Hasil yang diperoleh dari sungai meliputi ikan belidak, yang paling popular dalam kehidupan masyarakat lokal yang berasal dari Dayak Iban. Dayak iban yang menghuni Kapuas hulu terlama, adalah masyarakat Tionghoa marga Bong, pada masa Gubernur Oevang Oeray 1960an.
Yang hidup dan berasal dan hidup dikota Kapuas Hulu sebelum RI, maka ekonomi politik dijalani kehidupan sosial ekonomi Tionghoa disana, dekat dengan jalan batas Negara seperti Malaysia. Maka, untuk diketahui dengan adanya budaya lokal masyarakat adat disana.
Akan dikenal dengan adanya budaya tradisional, sedangkan ekonomi berlangsung, dan kebutuhan dan pembangunan gereja katolik disana, masih dibutuhkan dengan adanya bantuan dari pemerintah, dan masyarakat adat.

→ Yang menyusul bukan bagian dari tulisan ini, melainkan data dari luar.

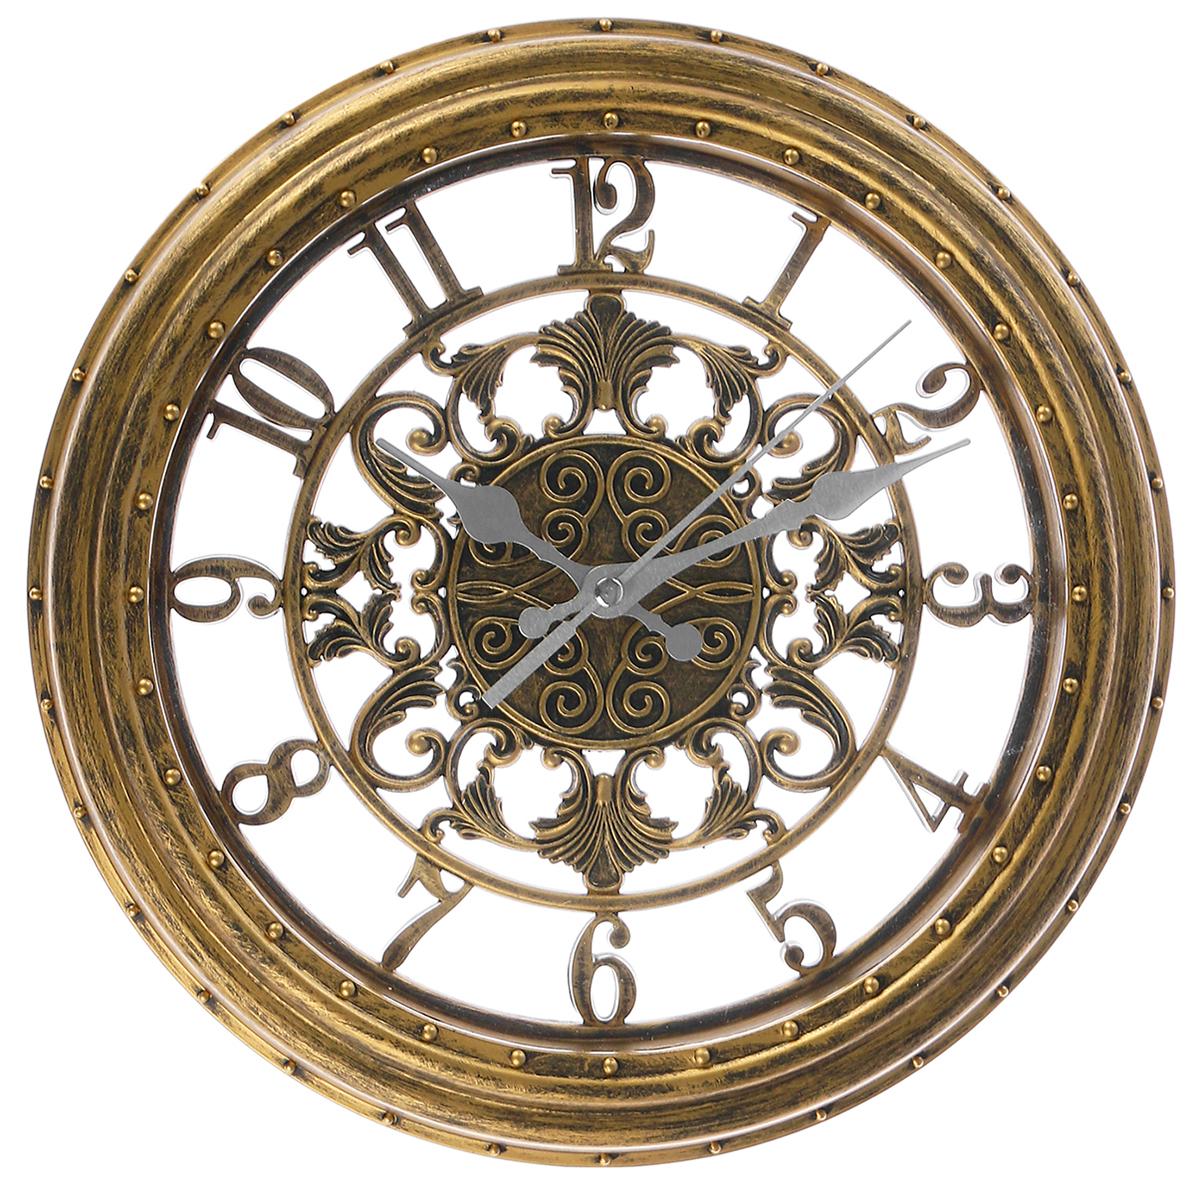 Часы настенные Цифры, цвет: золото, 28 см2585349Каждому хозяину периодически приходит мысль обновить свою квартиру, сделать ремонт, перестановку или кардинально поменять внешний вид каждой комнаты. Часы настенные Цифры, диаметром 28 см, это привлекательная деталь, которая поможет воплотить вашу интерьерную идею, создать неповторимую атмосферу в вашем доме. Окружите себя приятными мелочами, пусть они радуют глаз и дарят гармонию. Часы настенные серия Цифры, круг, цифры по кайме, рама золото, d=28 см., 2585346.

Kemajuaan iman, masyarakat iban terlebih dahulu hadir di
Pontianak, dengan adanya hubungan iman dan seksualitas yang berasal dari
kalangan masyarakat Provinsi yang memiliki asal dari kebutuhan lokal,
masyarakat pribumi yang berurbansiasi dari kota dan Desa untuk bekerja.
Tionghoa Pontianak, akan memiliki perbedaan iman yang berasal dari
katolik - non dan korban etnik pada tahun 1967 berawal, dan terjadi pada Madura pada
tahun 1998. Hal ini berasal dari konflik dan filsafat tiongkok yang berasal dari
kalangan masyarakat Tionghoa Pontianak dan keburukan hidup mereka di
masyarakat.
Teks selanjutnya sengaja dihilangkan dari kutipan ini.